1 files changed, 383 insertions, 0 deletions
diff --git a/lib/tools/doc/src/xref_chapter.xml b/lib/tools/doc/src/xref_chapter.xml
new file mode 100644
index 0000000000..39c5545af9
--- /dev/null
+++ b/lib/tools/doc/src/xref_chapter.xml
@@ -0,0 +1,383 @@
+<?xml version="1.0" encoding="latin1" ?>
+<!DOCTYPE chapter SYSTEM "chapter.dtd">
+
+<chapter>
+  <header>
+    <copyright>
+      <year>2000</year><year>2009</year>
+      <holder>Ericsson AB. All Rights Reserved.</holder>
+    </copyright>
+    <legalnotice>
+      The contents of this file are subject to the Erlang Public License,
+      Version 1.1, (the "License"); you may not use this file except in
+      compliance with the License. You should have received a copy of the
+      Erlang Public License along with this software. If not, it can be
+      retrieved online at http://www.erlang.org/.
+    
+      Software distributed under the License is distributed on an "AS IS"

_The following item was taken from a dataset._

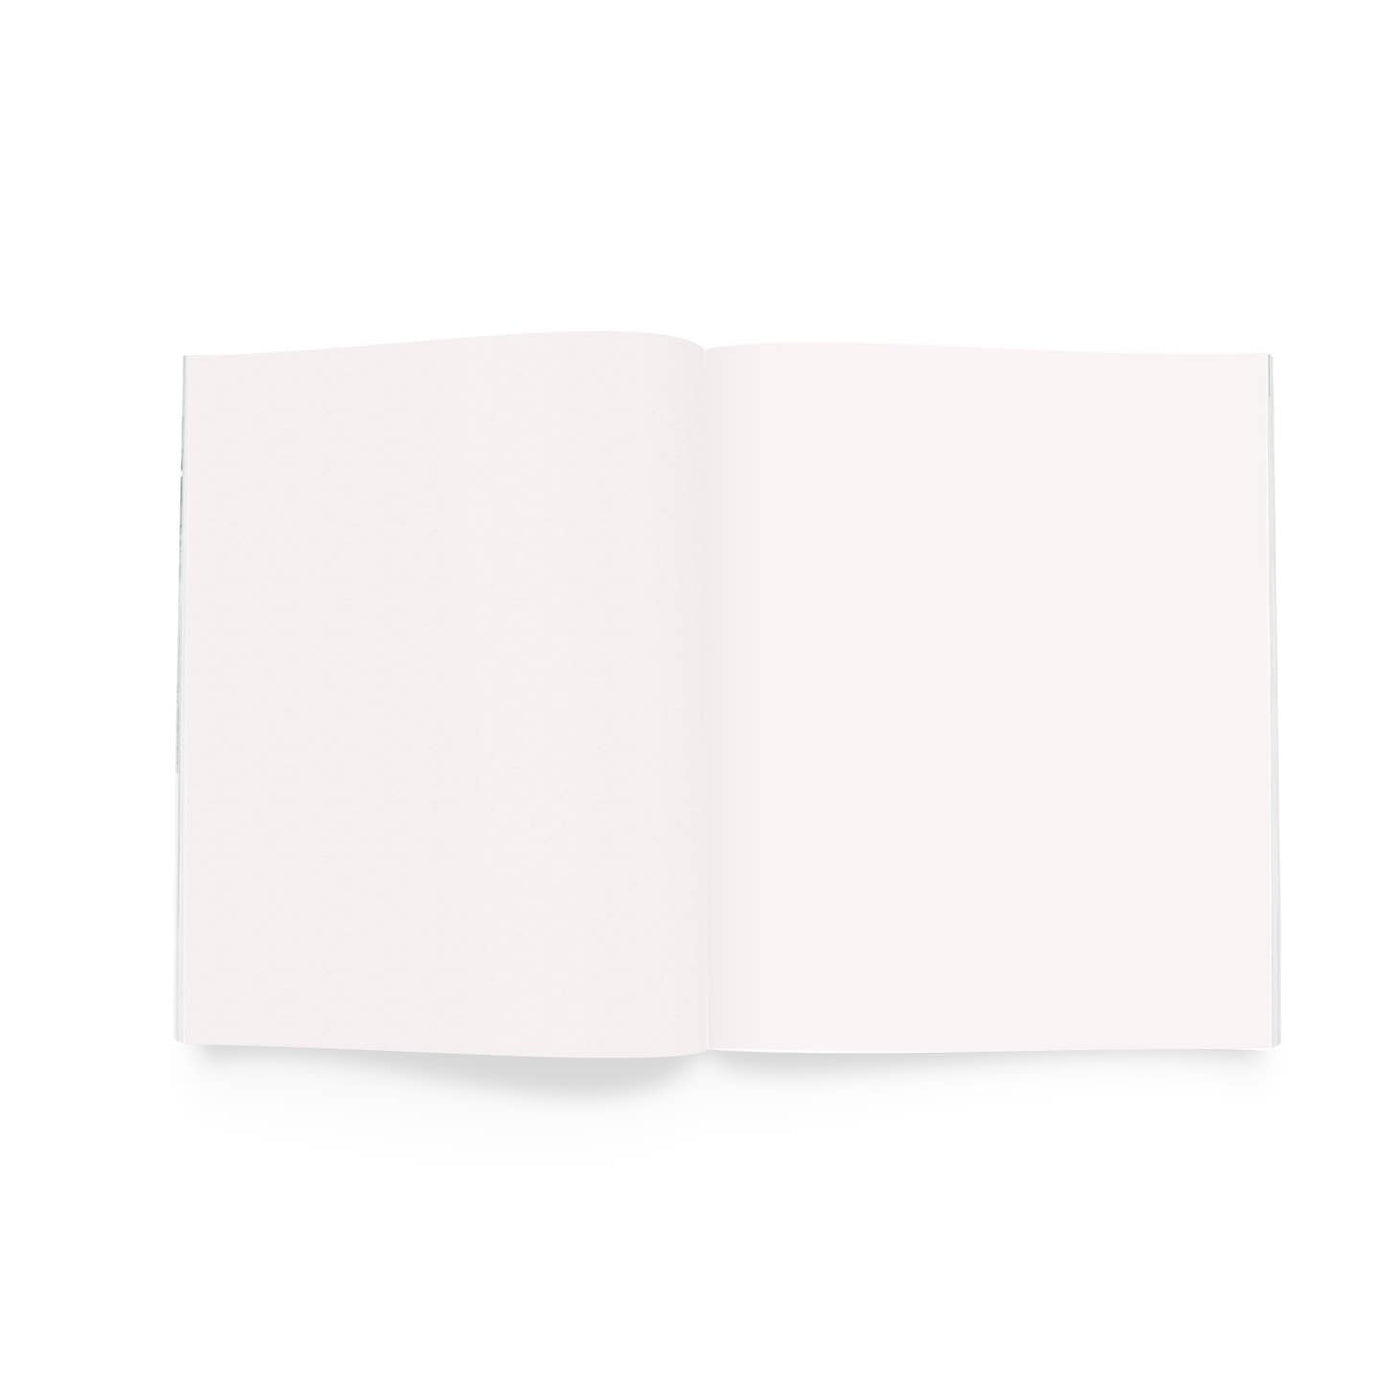 sample blank interior page of sketchbook

+      basis, WITHOUT WARRANTY OF ANY KIND, either express or implied. See
+      the License for the specific language governing rights and limitations
+      under the License.
+    
+    </legalnotice>
+
+    <title>Xref - The Cross Reference Tool</title>
+    <prepared>Hans Bolinder</prepared>
+    <responsible>nobody</responsible>
+    <docno></docno>
+    <approved>nobody</approved>
+    <checked>no</checked>
+    <date>2000-08-18</date>
+    <rev>PA1</rev>
+    <file>xref_chapter.xml</file>
+  </header>
+  <p>Xref is a cross reference tool that can be used for
+    finding dependencies between functions, modules, applications
+    and releases. It does so by analyzing the defined functions
+    and the function calls.
+    </p>
+  <p>In order to make Xref easy to use, there are predefined
+    analyses that perform some common tasks. Typically, a module
+    or a release can be checked for calls to undefined functions.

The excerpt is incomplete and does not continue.